Figure 1 Real-time ultrasound-guided spinal anesthesia. (A) The short-axis in-plane US technique of anesthesia; (B) the schematic diagram of spinal canal transection and needle entry line.

In the traditional LG groups (III/IV), patients were positioned laterally, with their head and knees flexed, hands holding knees, and the shoulder line/intercristal line drawn parallel to each other and perpendicular to the floor. The L4–5 interspace was determined using Tuffier’s line (an intercristal line drawn between the tops of both iliac crests) and marked on the skin. The local anesthesia site was punctured with a 26-gauge SA needle, and the CSF outflow was used to assess if the puncture needle had effectively reached the subarachnoid space. After confirming the free flow of CSF, the same procedure was administered to the UG groups (I/II).

Another physician judged and recorded the actual intervertebral space at the marked site using a C-arm X-ray after marking.
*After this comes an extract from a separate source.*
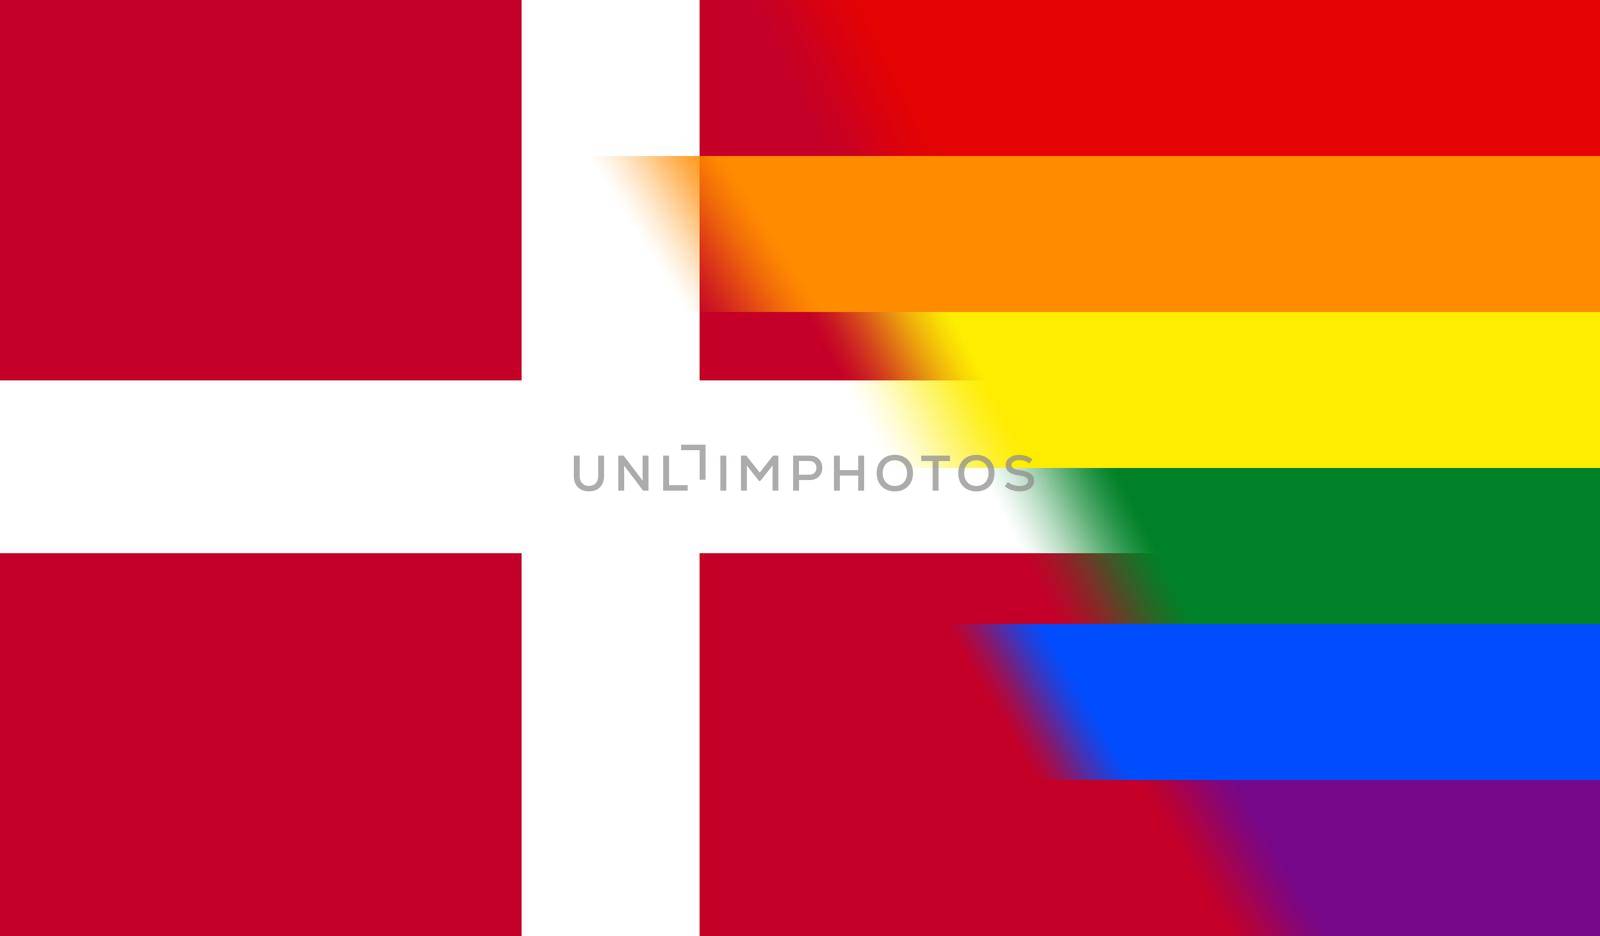 Top view of national lgbt flag of denmark, no flagpole. Plane design, layout. Flag background. Freedom and love concept, Pride month. activism, community and freedom
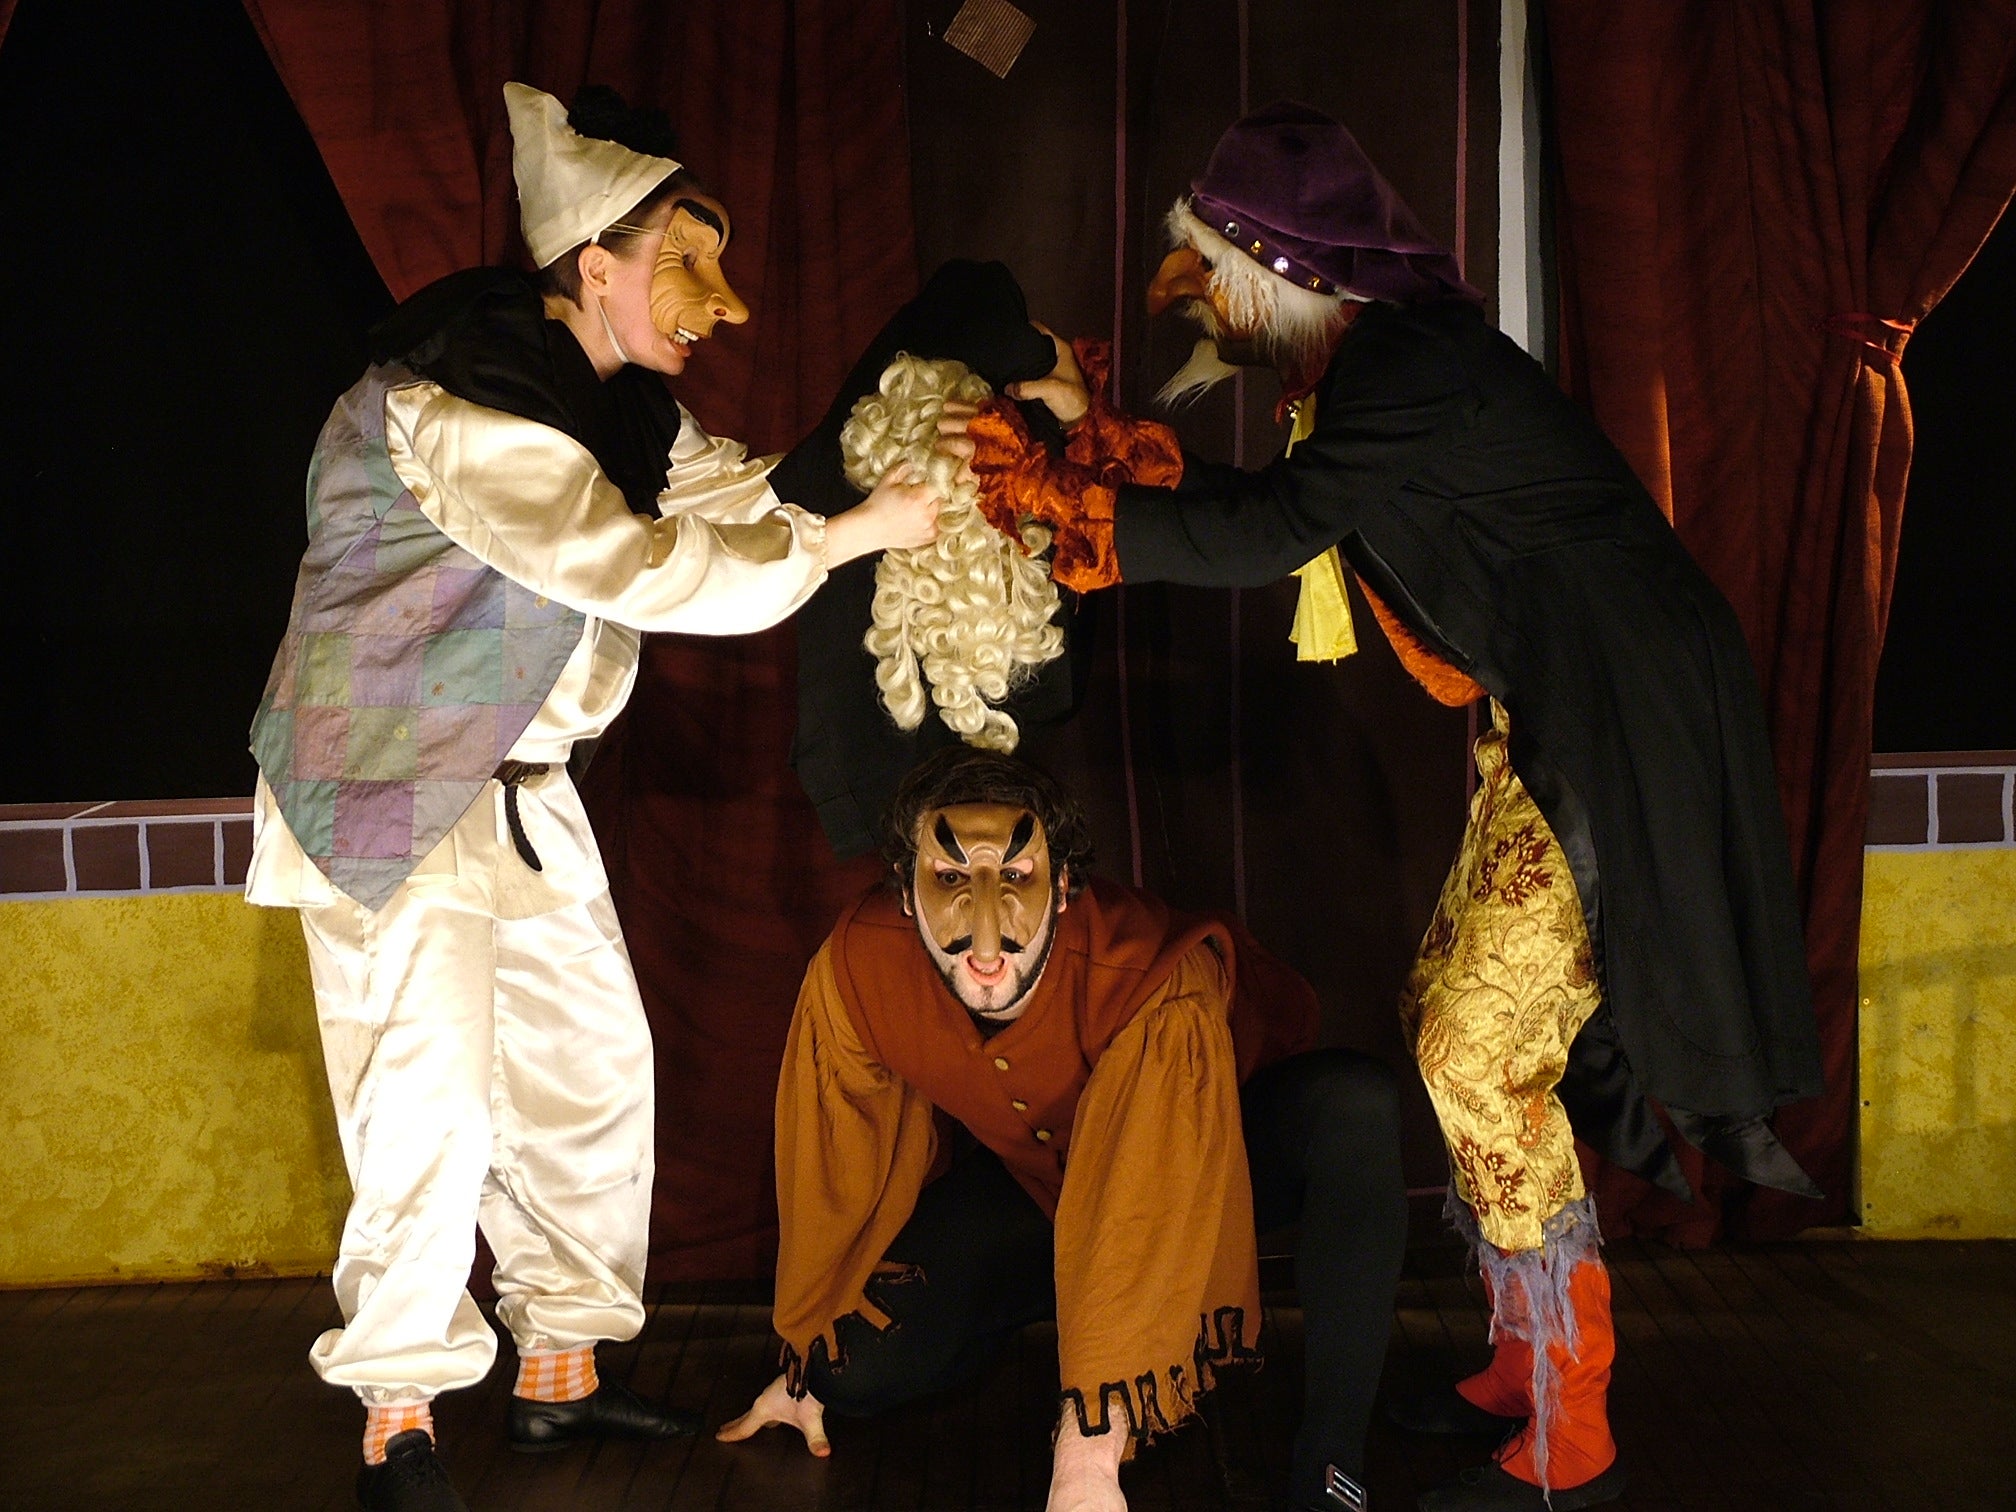 Actors in a group wearing masks on stage

The anesthesiologist administering the SA would only be informed if the intervertebral space was higher than the L2–3 space. Patients among whom the localization was higher than L2–3 underwent repositioning to the L4–5 space using the C-arm X-ray and traditional LG SA. These patients were excluded from the experimental group. The actual level of the L4–5 space determined by palpation and US was recorded (verified by C-arm X-ray), and the rate of malposition was also recorded.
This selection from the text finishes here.